Attorney Suspended For Agreeing To Assist In Malpractice Claim Against His Firm
An attorney who entered into an agreement with a client to aid in a suit for malpractice against the firm that employed him was suspended for one year and until further order by the New York Appellate Division for the First Judicial Department.
The attorney was assigned to represent an off-duty police officer shot by another off-duty police officer. The City was granted summary judgment and the individual officer was not served. The summary judgment was affirmed by the First Department.
Then
…while the motion for leave to appeal to the Court of Appeals was pending, respondent and [client] Bernardini met in a restaurant and signed a “Personal Services Agreement” (the Agreement) under which Bernardini agreed to “give” respondent 45% of any net recovery he received relating to the Villarini incident. This included the personal injury action and a legal malpractice claim to be brought against the Ginarte firm “for negligently failing to timely serve … Villarini, …, for neglecting to work on [the] case over the many years, for failing to take the deposition of …Villarini, for having failed to obtain a copy of … Villarini’s …. Personnel File in a timely manner and for failing to bring a Motion …, for spoliation of this key evidence.” Although the Agreement, which respondent drafted, did not specify the services that he was to provide, respondent acknowledges that he agreed to serve as a witness for Bernardini in the malpractice action against his employer.
Respondent contends that Bernardini raised the subject of additional compensation, and that they negotiated the 45% fee to compensate respondent for his extraordinary efforts in the personal injury action and for his willingness to assist Bernardini in pursuing the malpractice claim, which would require him to leave the Ginarte firm. Bernardini asserts that he never expressed a desire to compensate respondent beyond what was in his retainer agreement with the Ginarte firm, and that he and respondent did not have any prior discussions regarding the Agreement. Rather, respondent produced the Agreement at the meeting and asked Bernardini to sign it, telling him that he had notes and documents that would prove the malpractice claim.
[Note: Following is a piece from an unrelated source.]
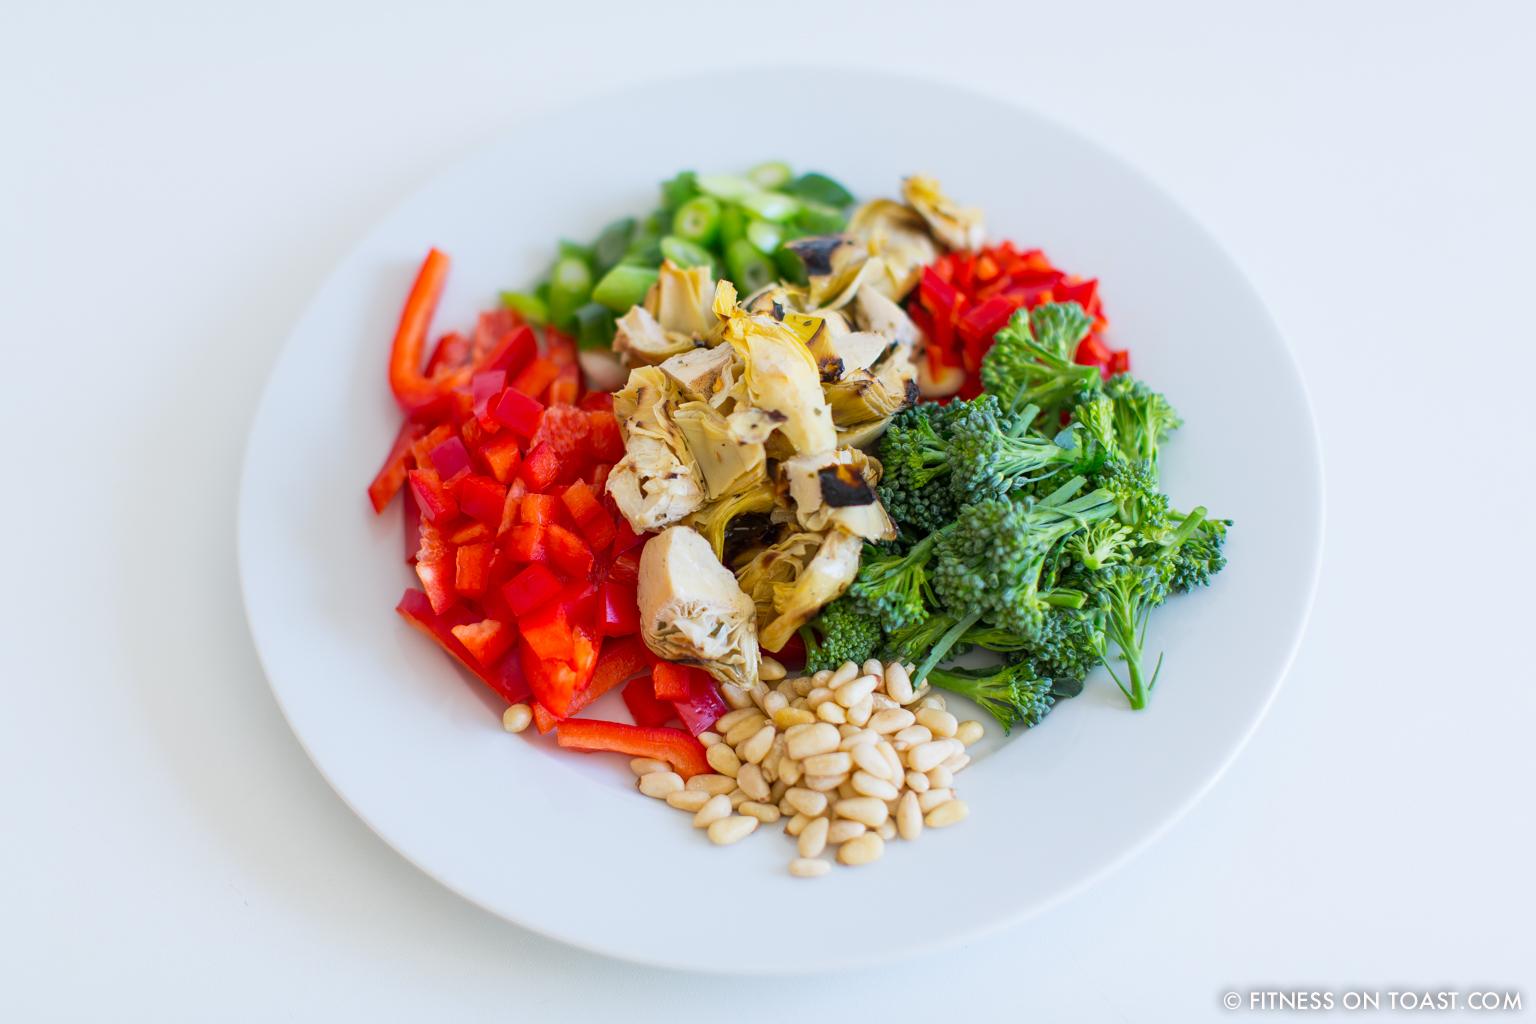 Asparagus And Broccoli Recipes Healthy

Respondent later provided Bernardini with a list of malpractice attorneys and concealed the Agreement from the Ginarte firm.
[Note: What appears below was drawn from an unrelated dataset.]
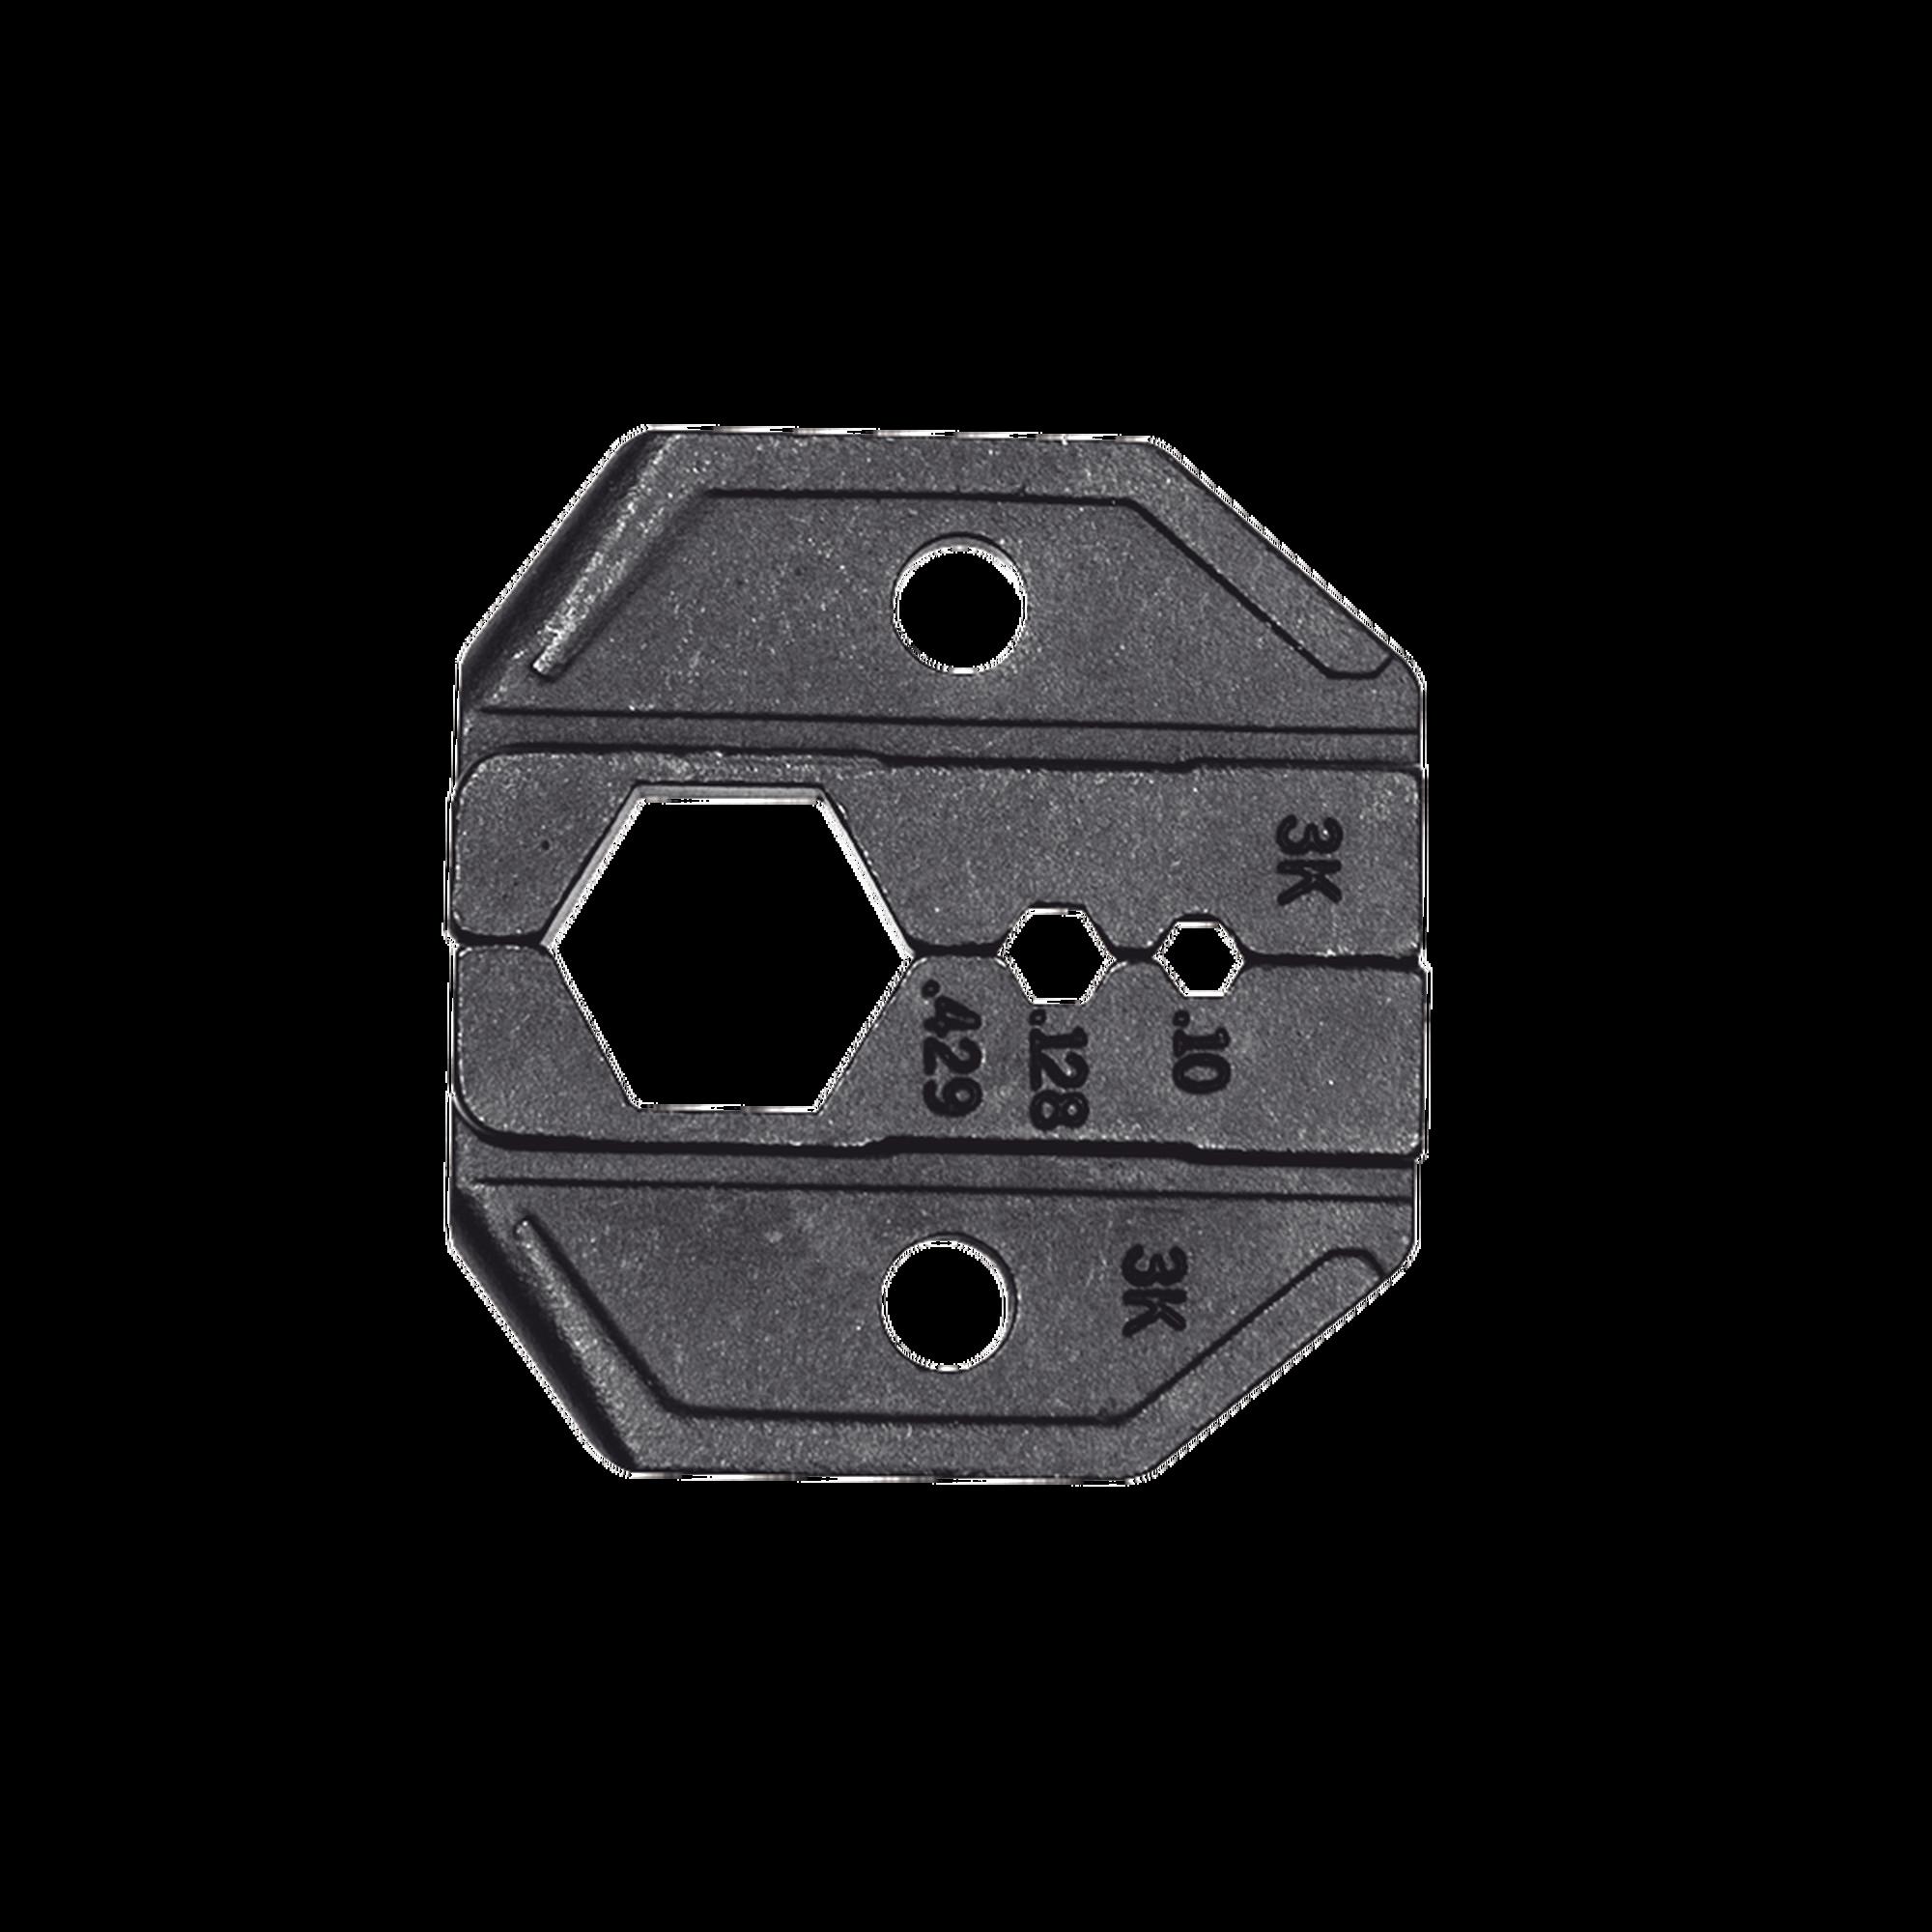 Matriz Ponchadora para Cable coaxial RG8, RG11, RG174, RG179 y RG213.

The agreement was discovered in a malpractice action brought by another attorney.
The court
The violations are serious and were motivated by financial gain. Notably, as the majority of the Panel found, there is significant doubt as to whether respondent fully comprehends and accepts responsibility for his misconduct. Among other things, respondent fails to recognize that his advising Bernardini to bring a malpractice case against the Ginarte firm, pursuant to an unethical, dishonest and misrepresentative personal services agreement, reflected adversely on his fitness as a lawyer and involved dishonesty, fraud, deceit or misrepresentation. Nor does respondent recognize that threatening Bernardini with the destruction of evidence in order to obtain some sort of financial recovery for the malpractice claim was conduct adversely reflecting on his fitness as a lawyer and prejudicial to the administration of justice. In this regard, as the majority of the Panel found, respondent’s attempt to minimize his culpability on the ground that he could not or would not have been able to carry out this threat “belies his contention that he has learned from his mistakes.”
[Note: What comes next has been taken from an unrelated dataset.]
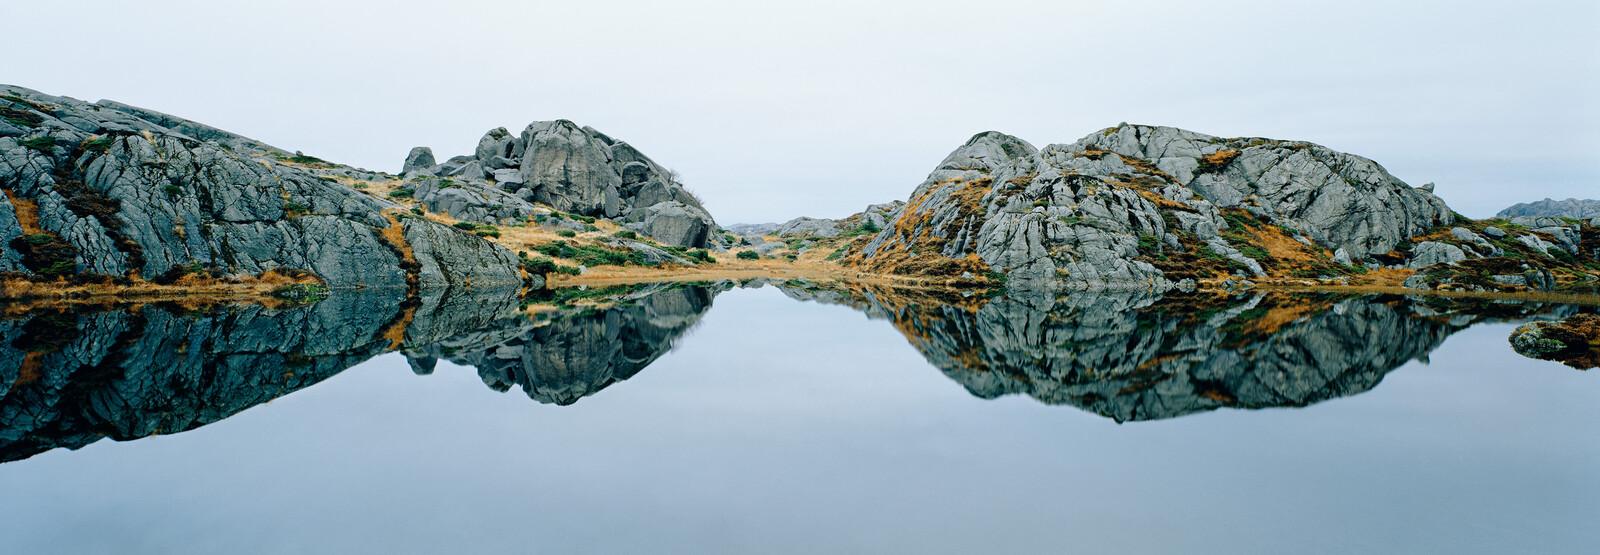 Eikeland, Telemark, South Norway - Axel M. Mosler

Insofar as respondent relies on the medical conditions of family members and financial pressures as mitigating factors, there is ample basis for the Panel’s finding that the conditions he described “seemed too remote in time to be either a causal or mitigating factor with respect to Respondent’s misconduct.” Indeed, the record would support the conclusion respondent conceived the agreement with Bernardini as a means to retaliate against the Ginarte Firm because it cut his annual bonus by 75% after the personal injury action had been dismissed. Insofar as respondent seeks credit for disavowing the agreement, he belatedly did so out of self interest after his relationship with Bernardini had deteriorated and the Agreement was disclosed in the malpractice action.